EP by The Fall
- Released: 27 April 1981
- Recorded: February 1981
- Genre: Post-punk; art punk;
- Length: 23:45
- Label: Rough Trade
- Producer: The Fall; Grant Showbiz; Mark E. Smith; Adrian Sherwood; Geoff Travis;

The Fall chronology
| Grotesque (After the Gramme) (1980) | Slates (1981) | Live in London 1980 (1982) |

= Slates (EP) =

Slates is an EP by the English post-punk band the Fall, released on 27 April 1981 by Rough Trade Records. It was one of singer Mark E. Smith's favourite Fall releases, and he claimed it was aimed at "people who didn't buy records".

== Release ==
Slates was released on 27 April 1981. Containing six tracks and pressed onto 10" vinyl, it was eligible for neither the single nor album charts, being too long for the former and too short for the latter. It was, however, included in the UK Independent Singles chart, where it reached No. 3.

The six tracks include "Fit and Working Again", in which Smith comments on the working class work-ethic, and compares his state of mind to that of boxer Alan Minter after taking LSD, and "Leave the Capitol", which was seen as summing up Smith's negative view of London. The vinyl has etched on it "Keep shtum. Plagiarism infests the land".

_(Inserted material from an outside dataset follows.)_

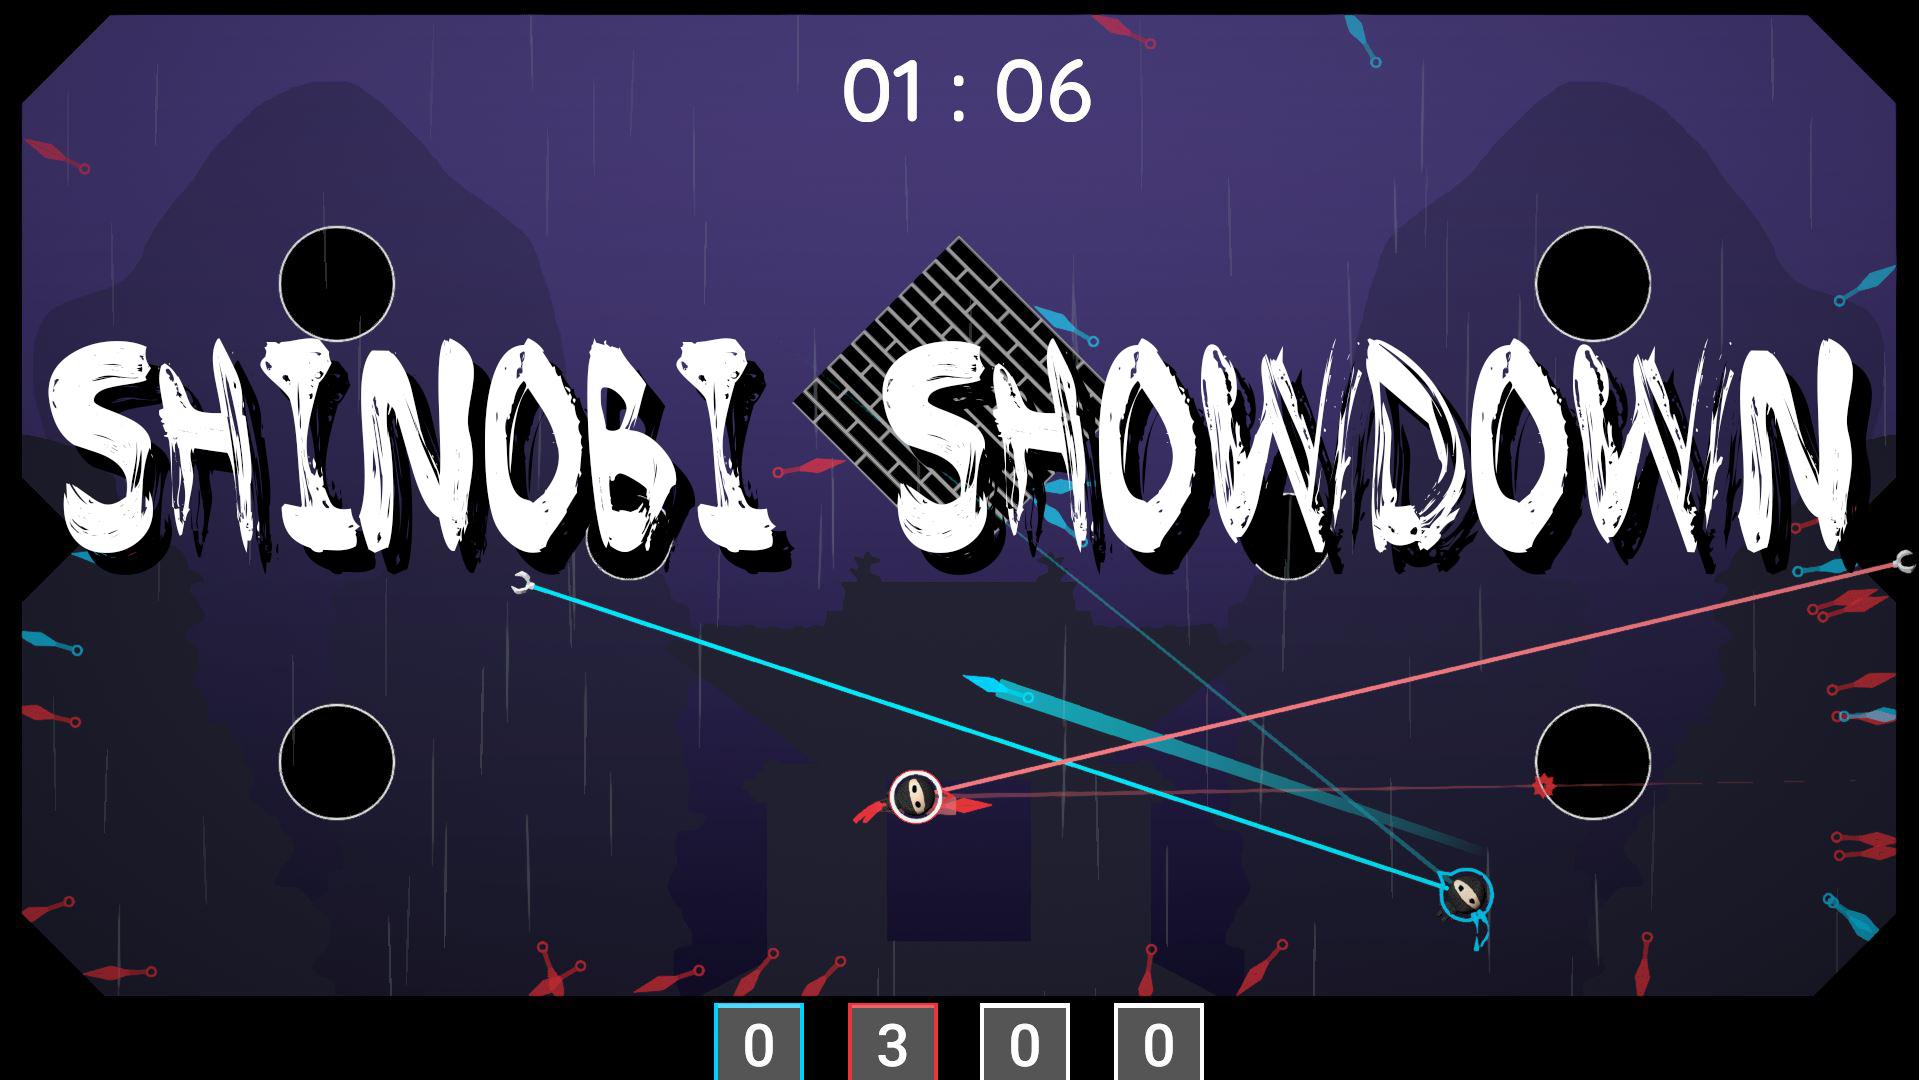 Shinobi Showdown

Slates made its first appearance on CD in 1992 on the Dojo label, where it was coupled with live album A Part of America Therein, 1981, at the time these being two of the hardest Fall releases to find. This combined album was reissued in 1998 by Essential and in 2002 by Castle Communications. It was also reissued by Castle on CD with bonus tracks comprising the band's March 1981 Peel session, both tracks from the November 1981 "Lie Dream of a Casino Soul" single, and a studio outtake from the early 1980s, "Medical Acceptance Gate". Slates was reissued on its original 10-inch vinyl format in 2016 on the Superior Viaduct label.

== Reception ==

Although it was a six-song EP, Slates still ranked number 13 among the "Albums of the Year" for 1981 by NME. AllMusic gave it four stars, with David Jeffries writing "Not a bad taster if you're new and want some post-punk, pre-pop Fall – and 90 percent of this is prime material." Trouser Press commented on the improvement in production compared to Grotesque (After the Gramme), calling it "A solid record of greater potential appeal than just to cultists."

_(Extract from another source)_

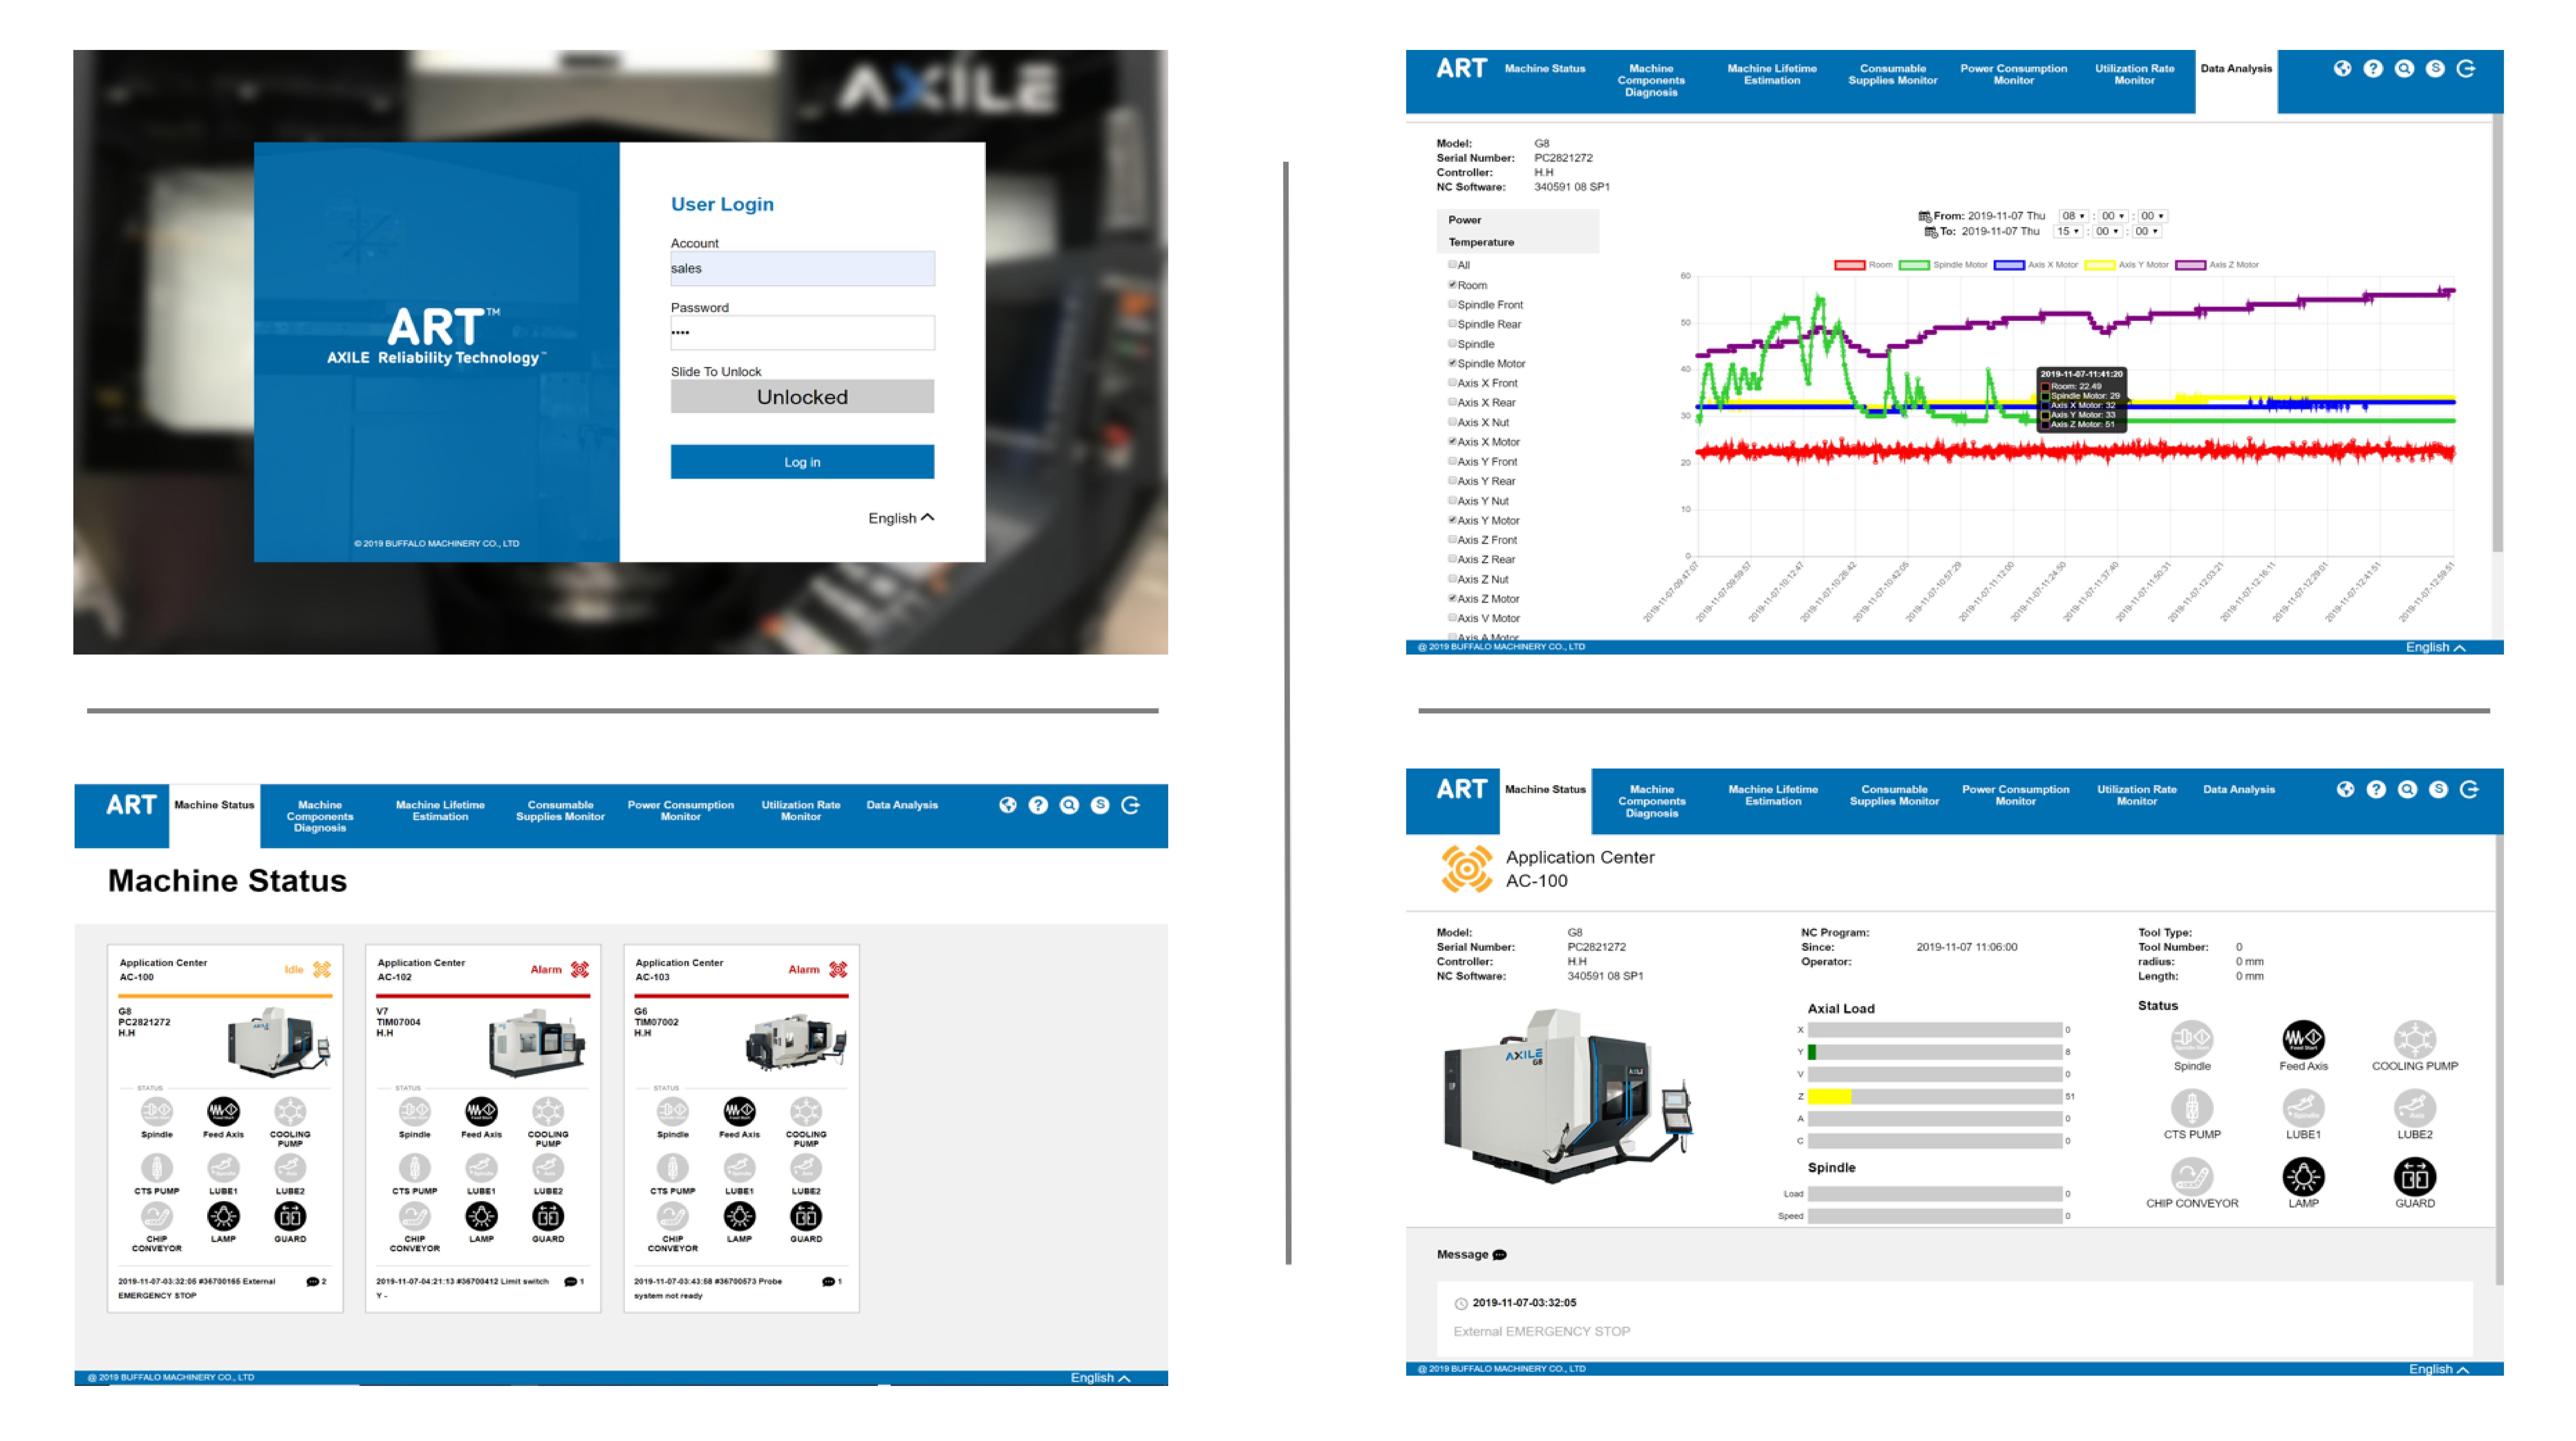 符合i4.0工具機智能監控系統 / 達佛羅企業有限公司

In 1992, The Wire included the EP in its list of the "100 most important records ever made" with a blurb by Mark Sinker. Situated between the "callow punk-bandwagon promise and bad haircuts" of their early career and the "classic and even generically classic work" that would follow, Sinker wrote that Slates captures the Fall at the moment when "Mark E. Smith's unfooled bile seems perfectly dialectically visionary, wearily energised, utterly untimely: his un-musicality a higher music. 'Naive' anti-design sleeve design, rhythms that jerk along like speedheads addicted to paranoia side-effect; a guitar-sound jabbing barbs into your skin, razor-edge squeals into your head—Man With Chip's voice yabbers scarily on through a thick fog of textured noise."

Dave Simpson, in his book The Fallen, describes Slates: "Even more than Grotesque, Slates manages to skirt the boundaries of demented Northern rockabilly, experimental rock, and avant garde, but despite that manages to be insanely poppy".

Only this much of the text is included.